Smell first without swirling. The quieter aromas, like floral notes and subtle fruit, show up here and vanish once you start agitating the wine.

Then swirl and smell again. This is the full picture: the bigger fruit, the spice, the oak, the earthiness.

In reds, look for: dark fruit (blackberry, plum, cherry), spice, leather, dried herbs, vanilla or toast from oak ageing.

In whites, look for: citrus, stone fruit (peach, apricot), green apple, floral notes, mineral character, and any buttery or toasty notes from oak.

Step 3: Taste it (and actually pay attention)

Take a small sip. Let it sit on your tongue for a few seconds. Resist the urge to immediately swallow and reach for the cheese.

You’re feeling for five things:

  • Sweetness: right on the tip of your tongue. Most “dry” wines have very little, but you’d be surprised how many have a touch.
  • Acidity: that mouth-watering tartness. High-acid wines make your mouth water like biting into a green apple. Low-acid wines feel flatter, rounder. There’s a deeper dive in wine acidity explained if you want to learn how to spot it on a label.
  • Tannins: the drying, grippy sensation in your gums and cheeks. Think oversteeped black tea. You’ll find this in reds, rarely in whites. The full breakdown lives in tannins in wine, explained.
  • Body: how heavy or light the wine feels in your mouth. Skim milk vs whole milk. That’s body.
  • Alcohol: felt as warmth at the back of your throat. Higher alcohol = more warmth.

Step 4: Notice the finish

Swallow. Now pay attention to what happens next.

How long do the flavours stick around? A wine that disappears in two seconds is usually simpler. That doesn’t mean bad, just straightforward. A wine that lingers for 30 seconds or more, with flavours that shift and evolve as you sit with it? That’s usually a sign of something well-made with real depth.

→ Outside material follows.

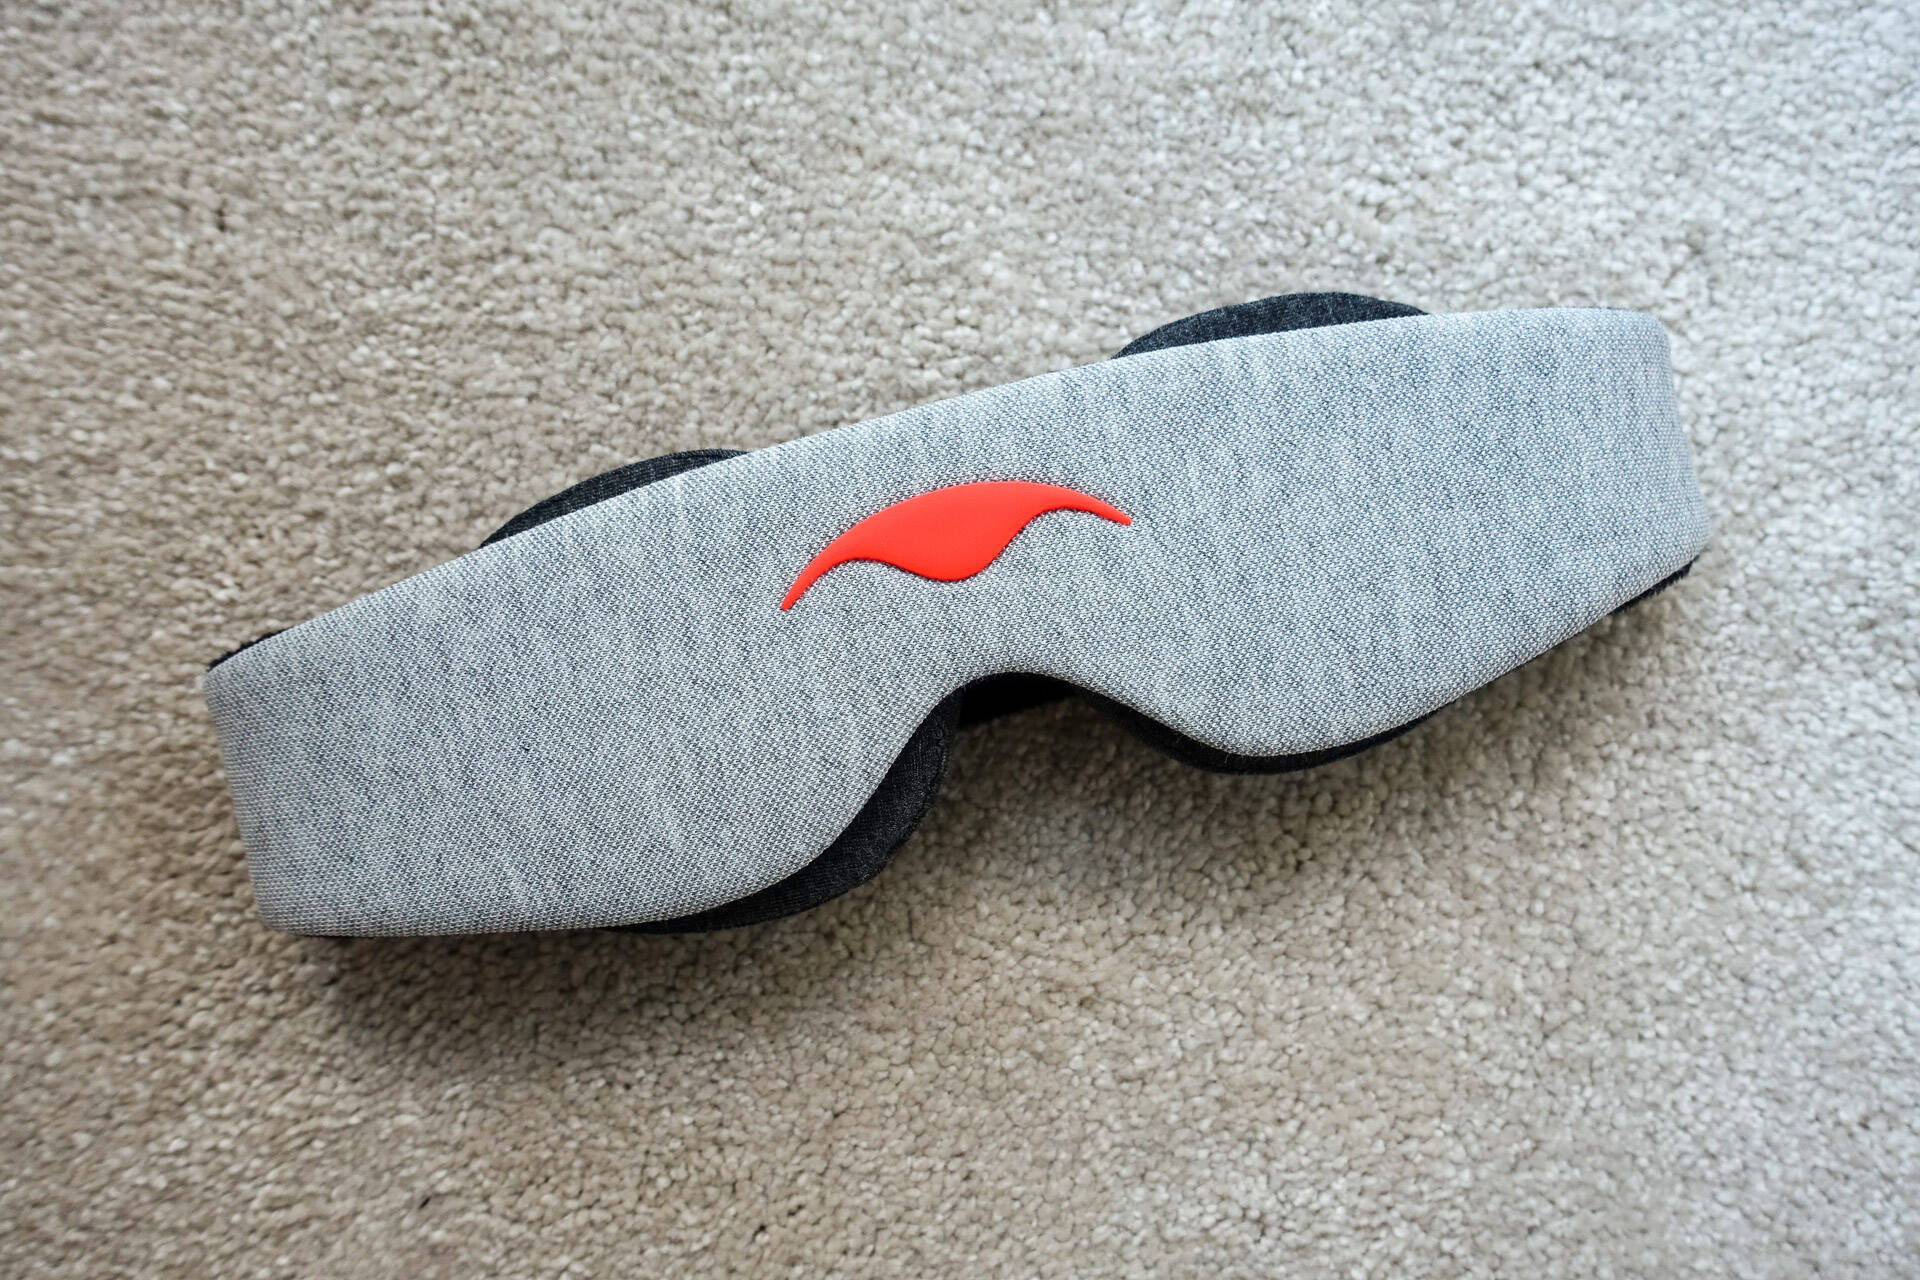 Super Sleeper Pro Weighted Eye Mask With Hot Or Cold Therapy

The best wines have a finish that surprises you. You’ll notice something new a few seconds after swallowing that you didn’t catch on the initial taste.

Now what?

You don’t need tasting sheets or scoring systems. The whole point is to build a mental map of what you enjoy and why, so the next time you’re staring at a wall of bottles, you’re not guessing.

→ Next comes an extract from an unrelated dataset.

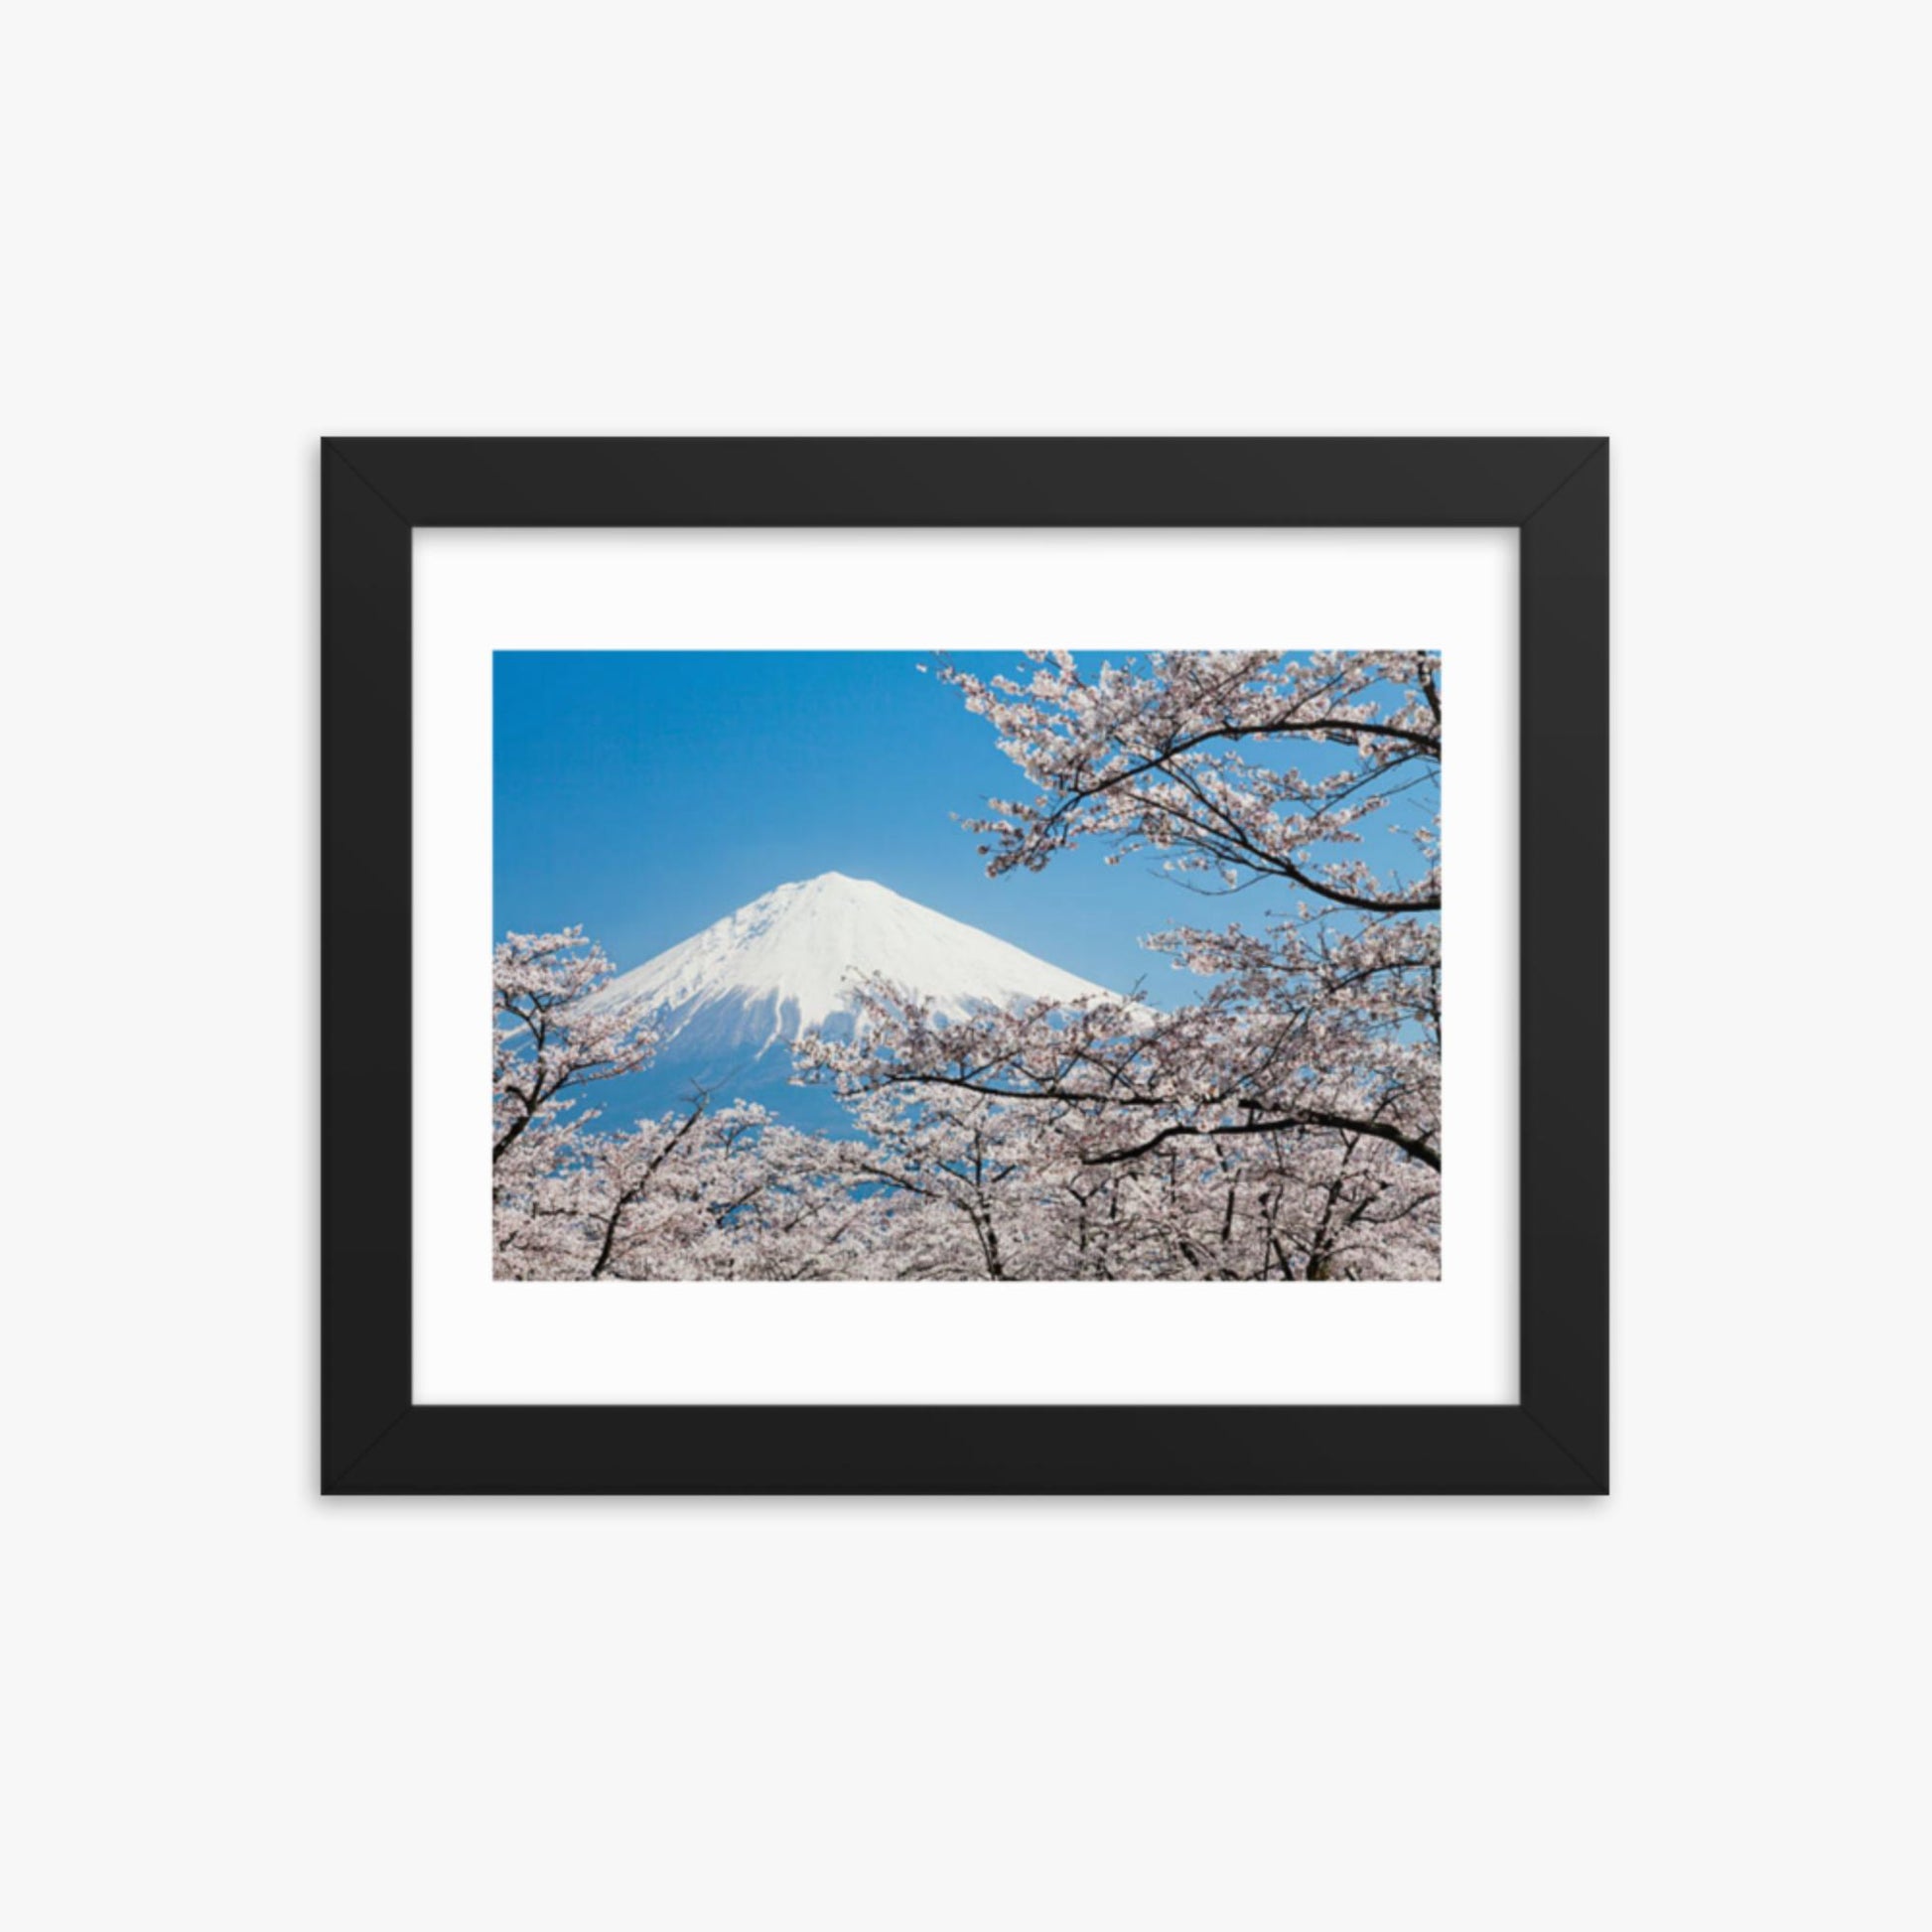 Mount Fuji & Cherry Blossoms 8x10 in Poster With Black Frame

The fastest way to train your palate: grab two or three wines of the same grape from different regions or producers. Taste them side by side. The differences jump out when you have something to compare against. A purpose-built wine tasting kit can shortcut this if you want a structured set of reference flavours.

Once you can tell the difference between a $12 Malbec and a $25 one, and explain why you prefer one, you’re tasting wine. That’s it. No certification required.